**PROBLEM**
Below is a listing; repeat exactly the lines from the one containing "Zdjęcia - Sonko" to the one containing "[Viele beliebte Produkte", both included.

(Beginning of ENTRIES SUPPLIED)

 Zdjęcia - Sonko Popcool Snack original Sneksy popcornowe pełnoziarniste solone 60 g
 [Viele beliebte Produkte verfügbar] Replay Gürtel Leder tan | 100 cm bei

(End of ENTRIES SUPPLIED)
(Beginning of ENTRIES SUPPLIED)

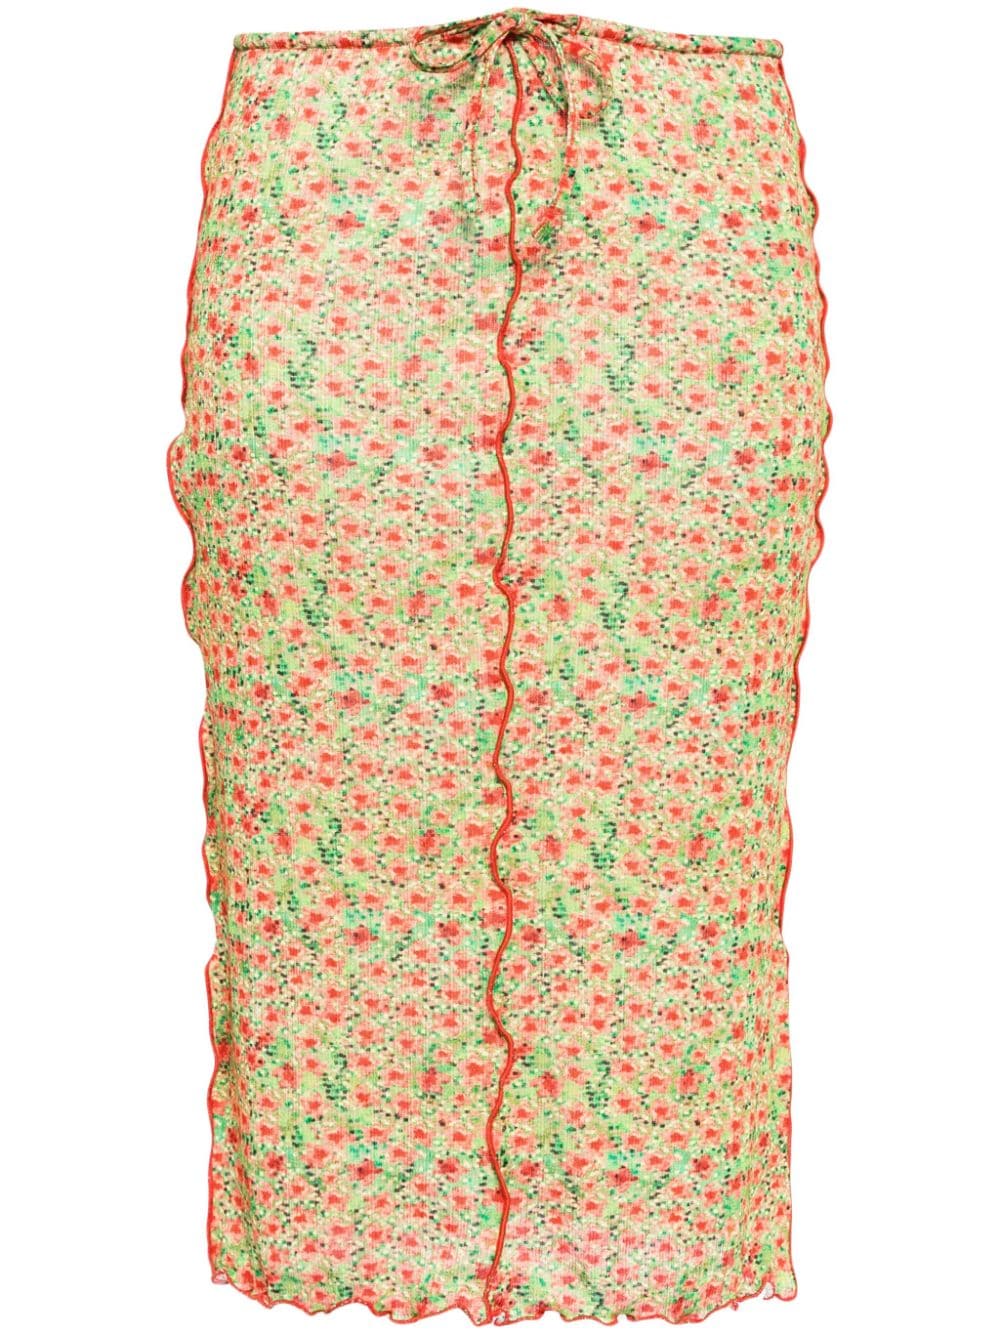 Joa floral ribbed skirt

(End of ENTRIES SUPPLIED)

**EXERCISE RESULT**
 Zdjęcia - Sonko Popcool Snack original Sneksy popcornowe pełnoziarniste solone 60 g
 [Viele beliebte Produkte verfügbar] Replay Gürtel Leder tan | 100 cm bei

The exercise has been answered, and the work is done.